As I mentioned, Polistra has been resting, but I knew sooner or later she'd have an opinion that needs to be expressed.....
It's quite possible that Miers will turn out to be Constitutionally literate, and thus quite possible that the initial response of conservatives will turn out to be prejudicial. But why does Bush go through this? Why does he please Schumer and Reid instead of giving his would-be supporters a reason to cheer? It's a terrible tactic.
Going back to cars again:
Joe Frazer was the real heavyweight of American salesmen. He worked for most of the carmakers and left a legacy in each case. Joe named the Plymouth; Joe invented modern car financing in the form of GMAC, which has become the only solvent part of GM. In 1950, Joe was the Frazer in Kaiser-Frazer, a partnership that took over the ruins of Graham to produce a new postwar car. Responding to Nash's Rambler, Kaiser introduced its own compact, but unfortunately Henry J. Kaiser wasn't listening to Joe Frazer's advice. Joe quit in disgust, and the 'Henry J' went nowhere.
Later, speaking to auto historians, Joe diagnosed the problem. Lacking Rambler's puppyish perkiness, the Henry J was just ugly, looking like a big car that had been squished in a vise. Even worse, it didn't have a trunk opening or a glove compartment, and its interior looked austere and uninviting.
"I would have brought her out all dressed up and stripped her down later."
Now I'm not advising -- or even imagining, heaven forbid -- a lap dance by Harriet, but things would have gone so much better if Bush had brought her out all dressed up with citations and quotations to prove her literacy.
On Miers's religion: Apparently she belongs to some variant of the Churches of Christ.

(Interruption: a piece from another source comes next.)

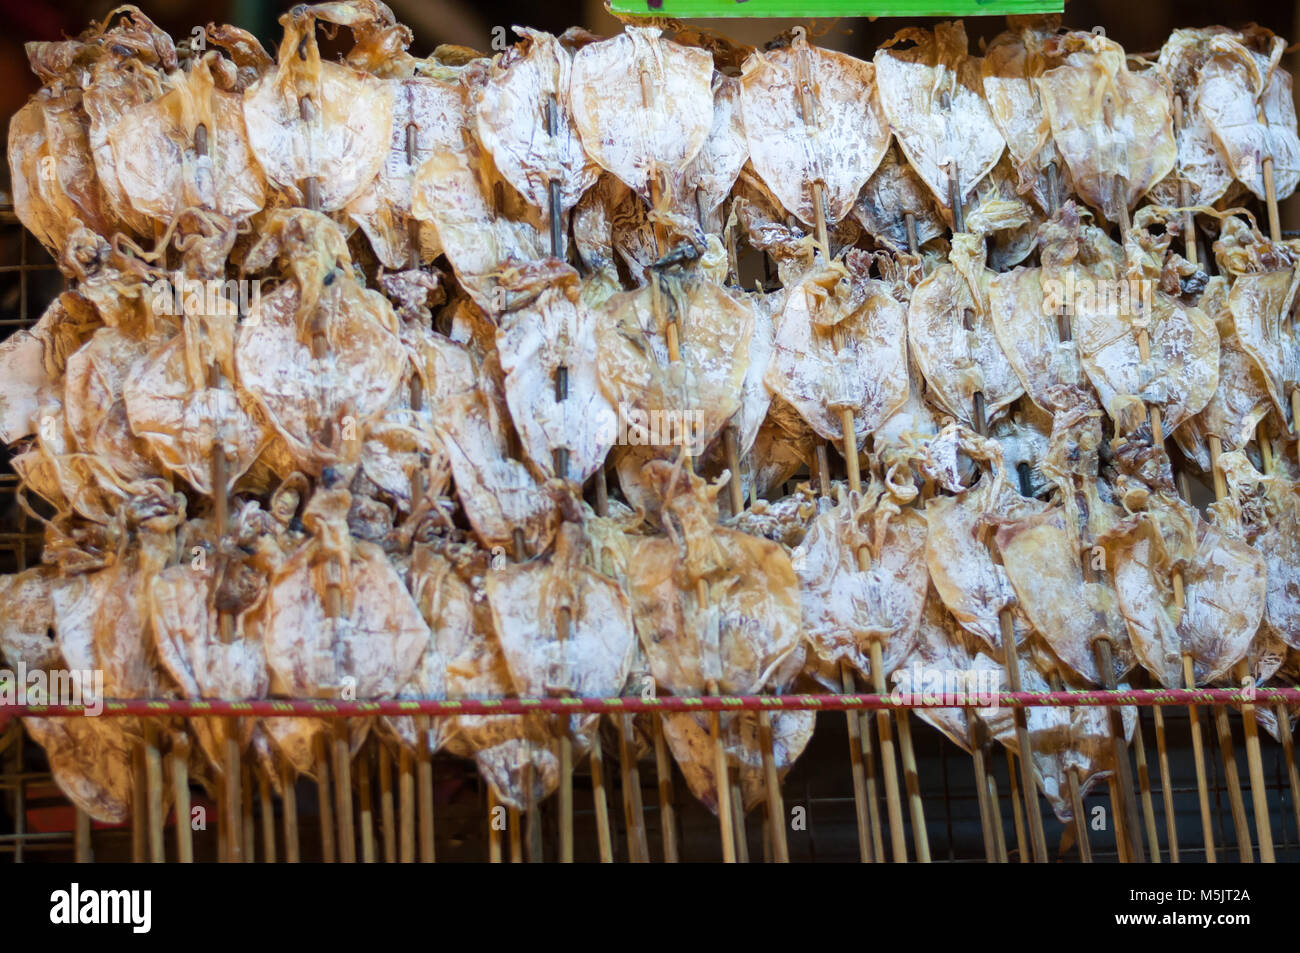 Squid Dry Stick Night Market Street Food Hintergrund Stockfoto

Not entirely clear from her home church's website exactly where it falls in the Campbellite spectrum, but looks closer to the Church of Christ category as opposed to the Disciples of Christ category. I'm familiar with both types; for a while in high school, came perilously close to joining the C of C, and my alma mater (Phillips Univ, now sadly defunct) was D of C. Even now, if I should somehow miraculously gain the ability to believe, I'd probably go with C of C. Among all the Protestant groups claiming to be originalist, the C of C feels closest to plain pure New Testament Christianity. The only oddity is their insistence on singing without instruments, which isn't really forced by the Bible. But every denomination needs a 'brand symbol', and this has become the C of C's brand. I think it also tends to keep them humble and simple in the best sense of both words.
The Disciples have gone in a different direction: though they still claim to be fundamentalist, in fact they are much closer to the socially-leftist Mainline churches like Methodists, and even considered merging with Methodists at one time. There is a more recent split within the D of C, with some churches sliding back toward the New Testament, but not adopting a-capella singing. None of the Campbellite churches are remotely charismatic or Pentecostal; all would consider manifestations like healing and tongues to be extraneous at best.